I also have that kit and while I was somewhat thrilled to finally have a model of the Fireflash, I was somewhat disappointed with the results. The model was just a tad smaller than I would have expected and the detailing seemed to be a bit off. The bit about having the main cabin windows molded as part of the body, requiring a bit of work to make them look like windows really pissed me off.

I found mine on eBay last year and I got it for 40 bucks, but 90 bucks? No way Jose'! I'd go with the Hobbylink Japan link that was provided - getting a 70% discount will make it worthwhile.

Bryan


----------



## RB (Jul 29, 1998)

Hobby Search has scans of the Fireflash parts bags, packaging, and instruction:

http://www.1999.co.jp/eng/10043863


----------



## falcon49xxxx (Aug 4, 2008)

I have it,it's a great kit.


----------



## steve123 (Feb 9, 2009)

Thank you, gentlemen!
My new job starts in a day or so, after I pay for two other projects, I will grab this one...My favorite TB episode..

Do the Fuselage windows come as decals?...I don't think it would be nessesary to open 'em up unless this thing is huge.

Steve


----------



## Richard Baker (Aug 8, 2006)

I have wondered about this kit also- what size is the completed model?

.


----------



## falcon49xxxx (Aug 4, 2008)

No window decals,13" long.


----------



## SUNGOD (Jan 20, 2006)

It looks like a great kit but they should release it in clear plastic (at least the fuselage with the windows anyway) with interior detailing.

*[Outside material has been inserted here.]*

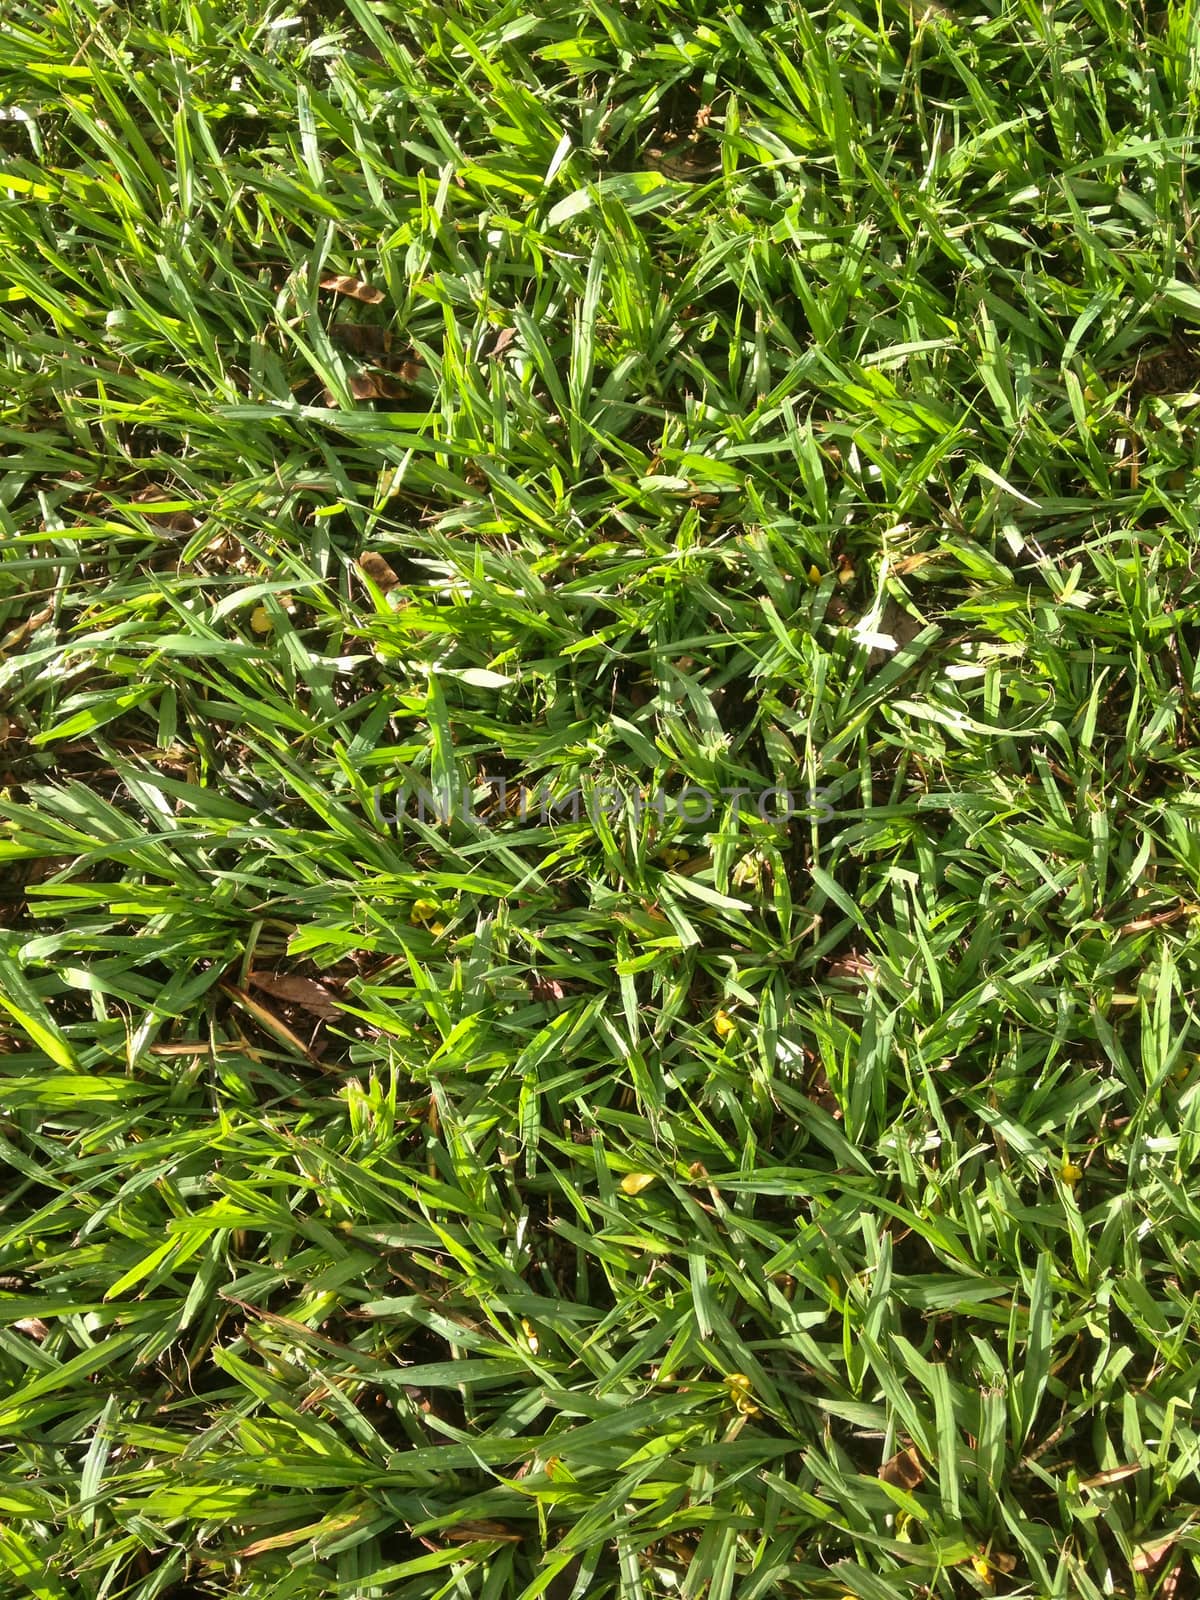 Green fresh grassy field for sport

Must get one myself soon!


----------



## LGFugate (Sep 11, 2000)

Except for the pilots' cabin and the forward lounge, any interior detail would be guesswork on the part of the model company. Those interiors were not shown in the episodes that Fireflash was in.

Larry


----------



## Richard Baker (Aug 8, 2006)

A generic seating section could be inserted. The only trouble with showing the interior is that the plane would be empty if you displayed it on top of the Elevator Cars. Maybe the Mysterions...

.


----------



## AJ-1701 (May 10, 2008)

steve123 said:


> Thank you, gentlemen!
> My new job starts in a day or so, after I pay for two other projects, I will grab this one...My favorite TB episode..
> 
> Do the Fuselage windows come as decals?...I don't think it would be nessesary to open 'em up unless this thing is huge.
> ...


Get in quick Steve at that price I even got one... Thanks for the link RB and to Steve for the thread. For us down under it was less than $25 AU plus freight :thumbsup: Like most of you this is the one civilian aircraft from the show that sticks in the mind the best. 

Cheers,

Alec.


----------



## Richard Baker (Aug 8, 2006)

I just placed an order for mine. I really like the ship but have held off getting it- at that price even with shipping to the US it is a great deal.

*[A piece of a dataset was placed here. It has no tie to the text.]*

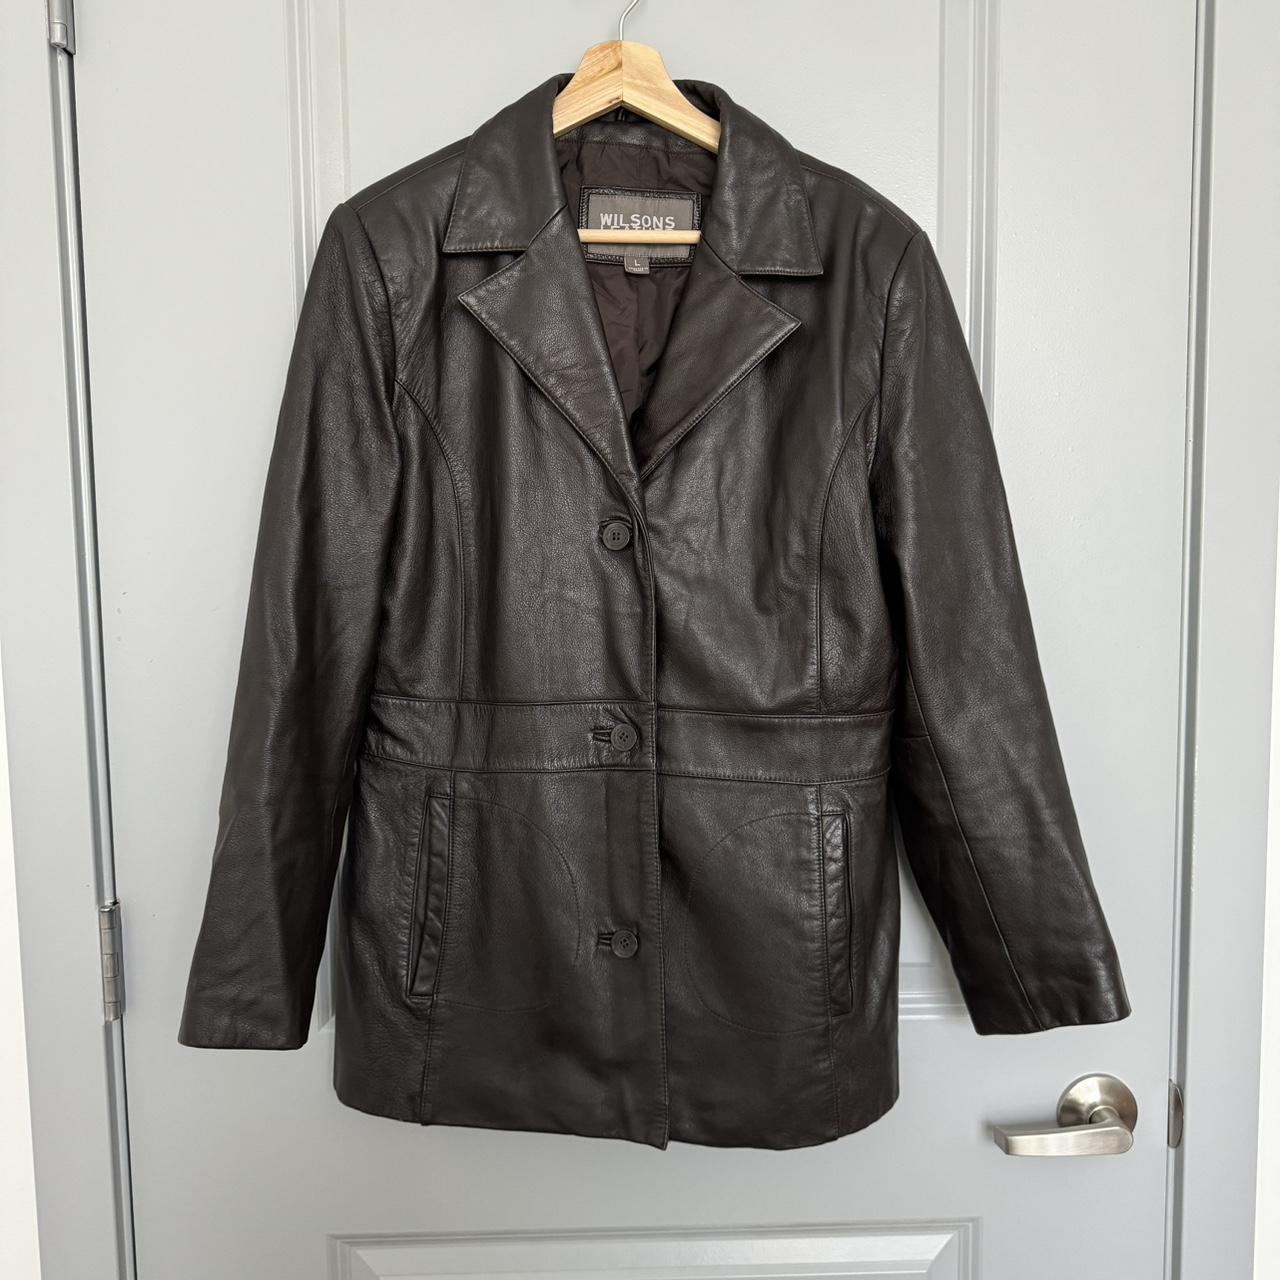 Vintage 1986 Wilsons Leather Jacket. Great used... - Depop

Thanks to al for the info and links- those were really helpful. One problem for excellent Japanese kits is that the have great detail but they end up 5" long when you get them.

.


----------



## RB (Jul 29, 1998)

Glad to help out with the link, that really is a great price for the kit. It's a sad thing that Aoshima didn't continue its line of new-tool Thunderbirds vehicles, I thought they were doing a great job.

About the interiors...as far as I can tell, there's no interior detail provided for the wing passenger sections and cockpit, only the clear window sections in front and that's it. Those three window sections are also the only clear parts provided, apart from an in-flight base for the finished model. I suppose one could design color decals representing those sections, print them and insert them on some plastic card behind the clear parts. And something similar could be done with the side windows if you're planning to drill them out. Here's a shot of the finished model from a Japanese hobby show to give an idea of what the clear sections looks like:



Looks like Virgil has already lost control of one car! The side windows on the the display model look like they were painted a dark grey grey. The scale is so small you could probably get away with no interior detail in the wing sections at all. I doubt the original effects model had any interior detail either, but I could be mistaken.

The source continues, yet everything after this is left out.